Sorry Paul....fuzzy memory...you where talking about the 301's so please forgive the missquote... h34r:

Regards

Mike


----------



## jobseeker (Sep 28, 2008)

Don't 344's produce 1.55 volts, whereas a lot of the tuning fork movements were intended for 1.35 volts, with some more affected by the voltage variation thyan other ?


----------



## KEITHT (Dec 2, 2007)

jobseeker said:


> Don't 344's produce 1.55 volts, whereas a lot of the tuning fork movements were intended for 1.35 volts, with some more affected by the voltage variation thyan other ?

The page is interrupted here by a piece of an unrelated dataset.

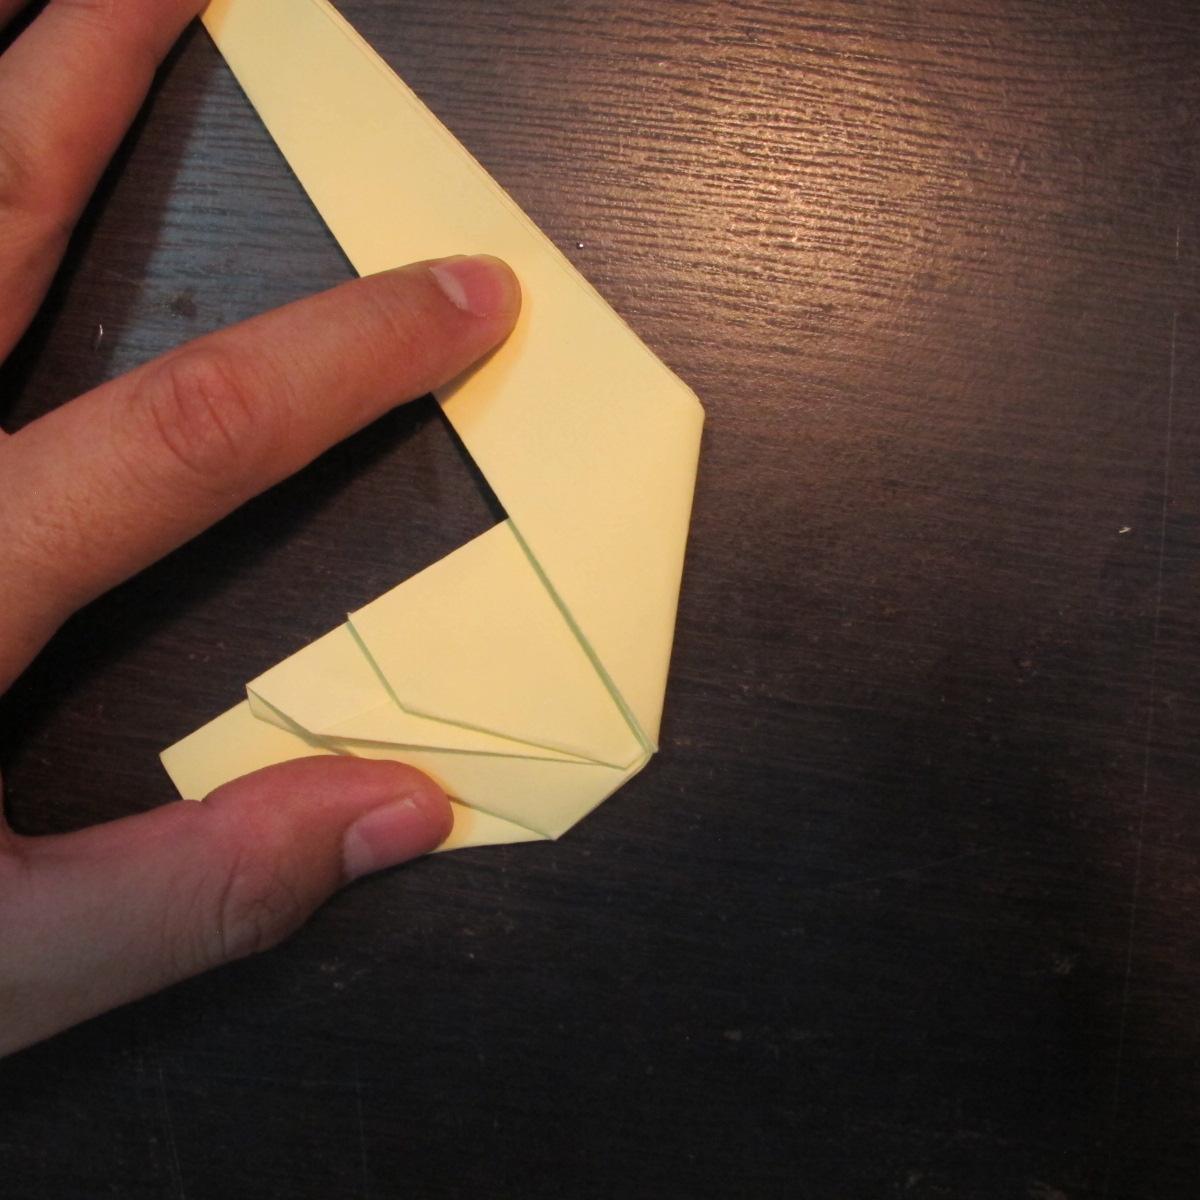 วิธีการพับกระดาษเป็นรูปหงส์ 014
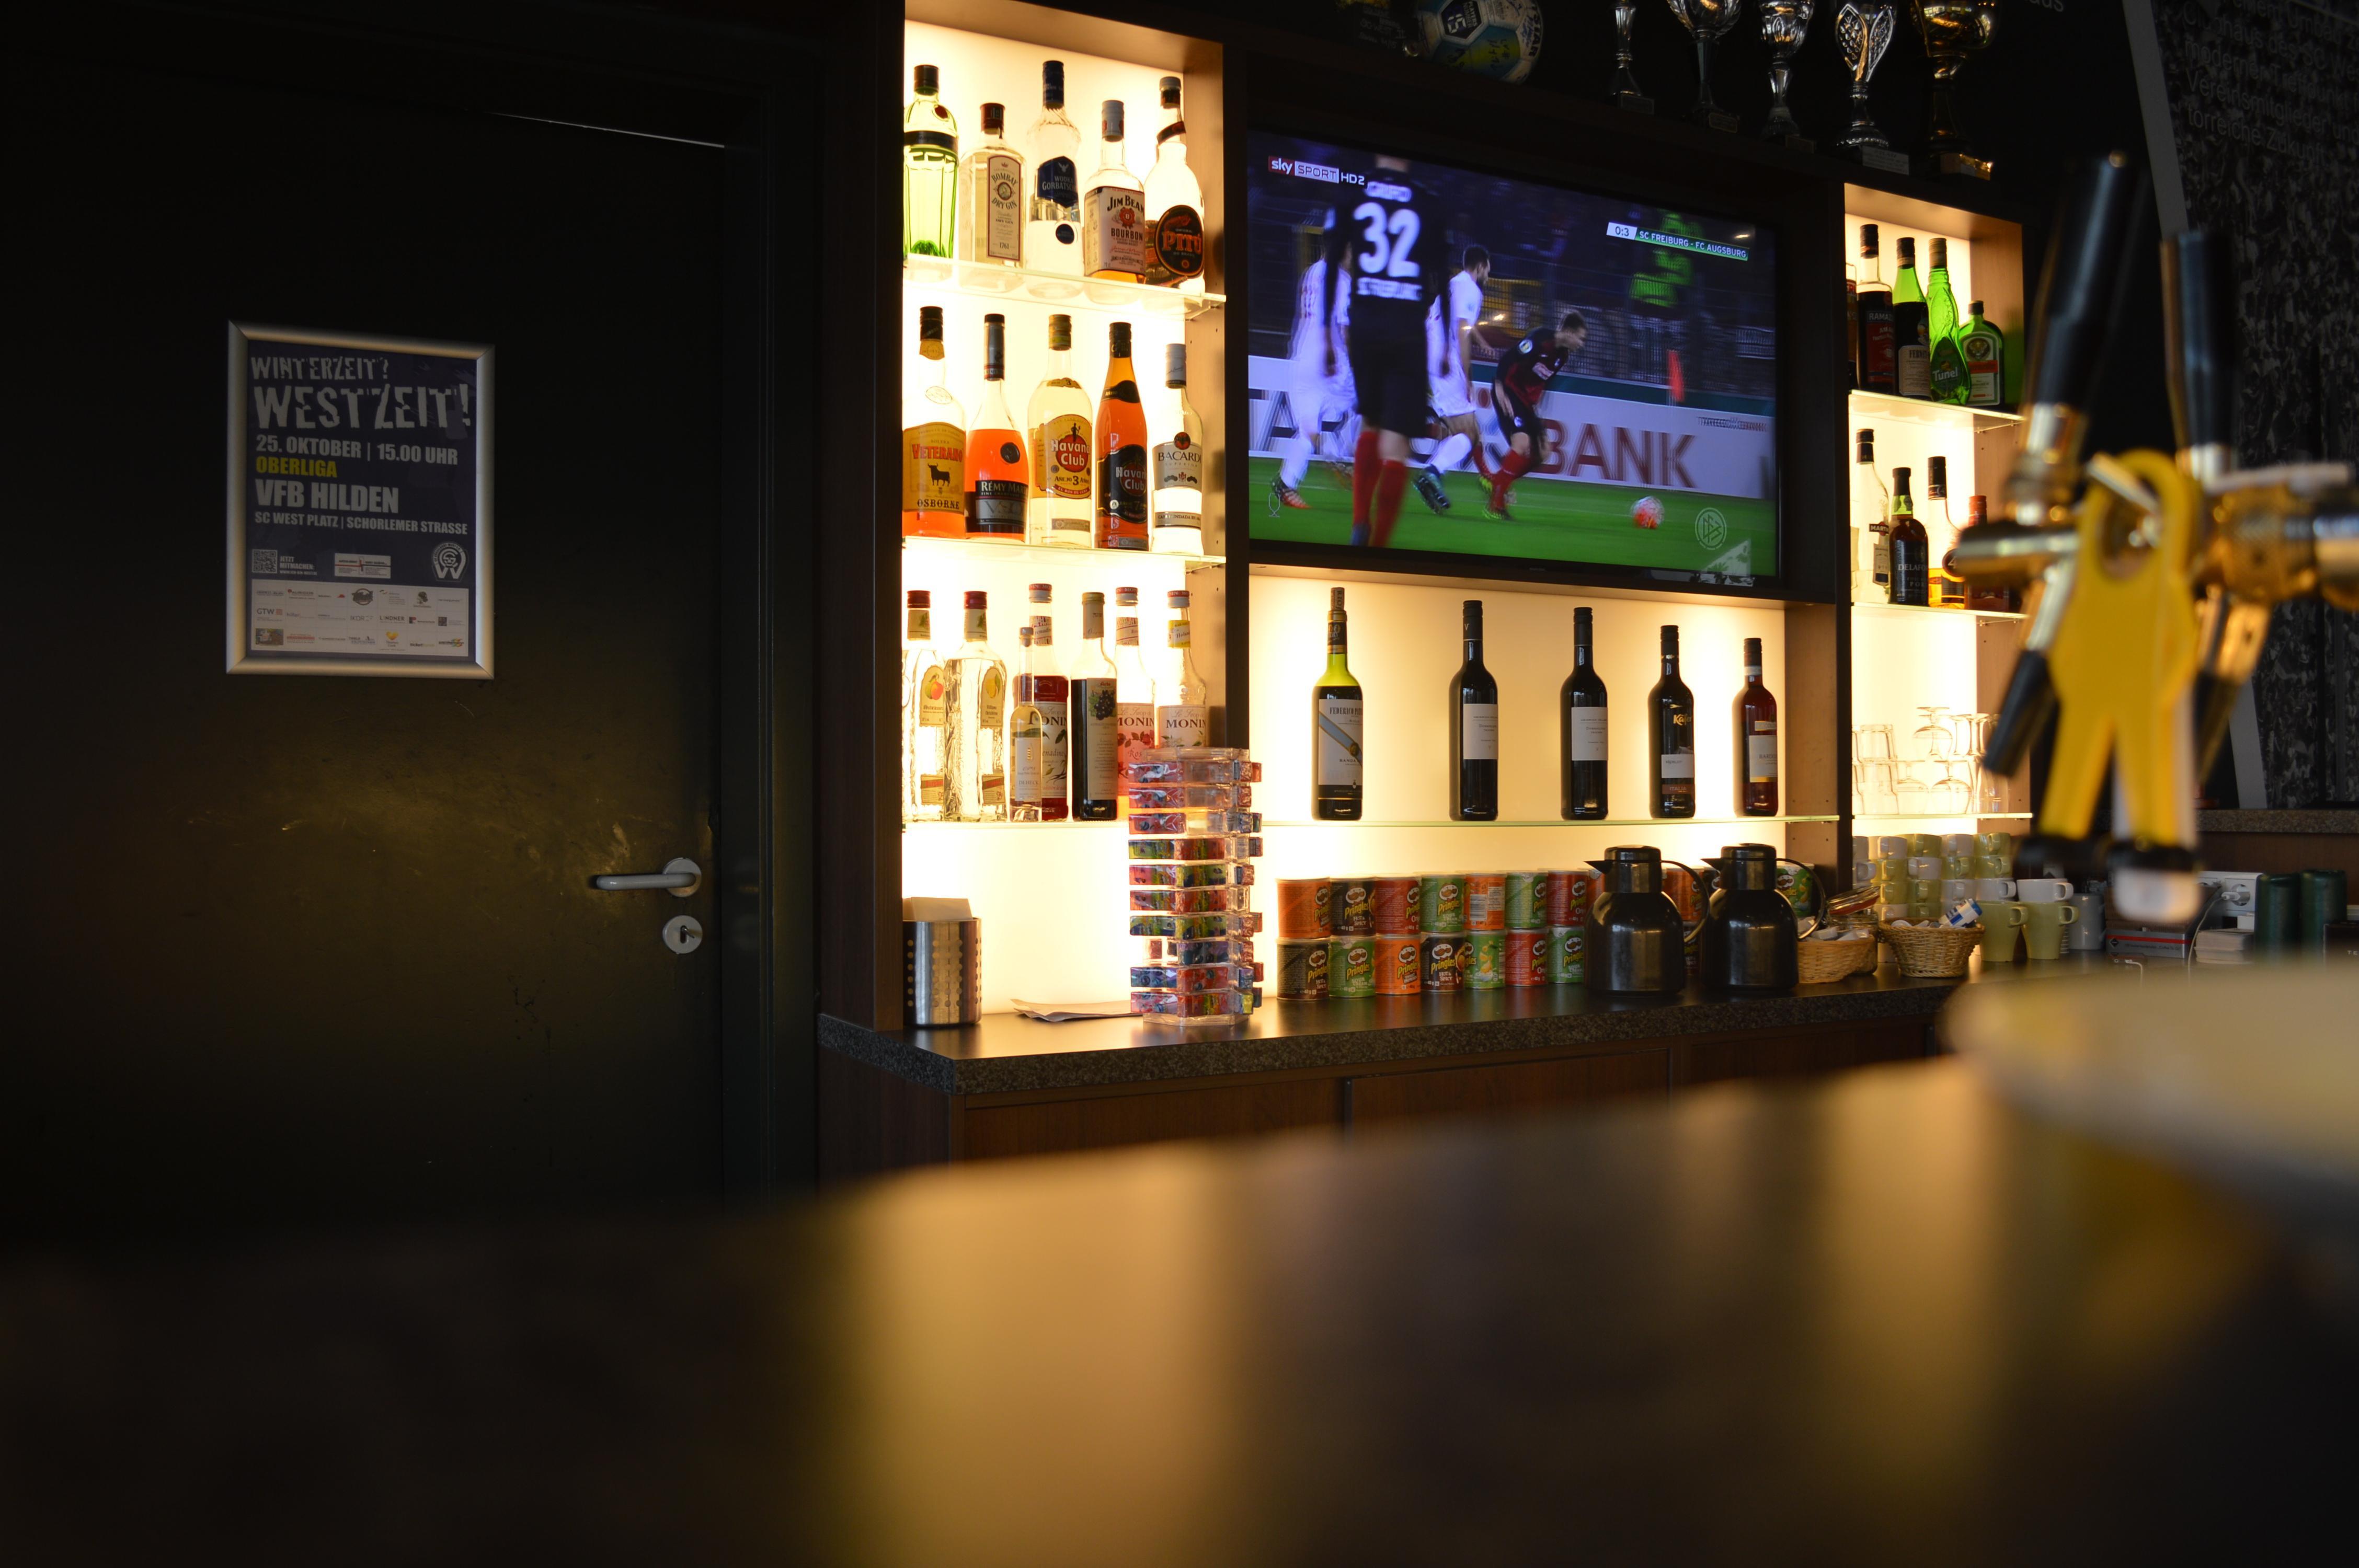 Düsseldorf BBQ/Grillen Restaurant Raum 1 image 0

Not with the ESA 9162/4's..they were design with the future in mind and can run at 1.35-1.55v

Regards keith


----------



## RoddyJB (May 11, 2008)

It seems like everyday I learn something new on this Forum. I have a new novelty sort of watch watch I got with some others that had been sitting for years without a battery. I had a new battery put in it a few weeks ago, & it started ticking, so I though all was fine. Now it won't keep running. Maybe its just the new battery. This Forum is a great resource.


----------



## gary8146 (Nov 11, 2008)

Hi,

It's not a fluke. I have several vintage electronic watches, including an Omega 300 hz, and through trial and error I have found Renata batteries work better in my vintage watches.

Gary8146


----------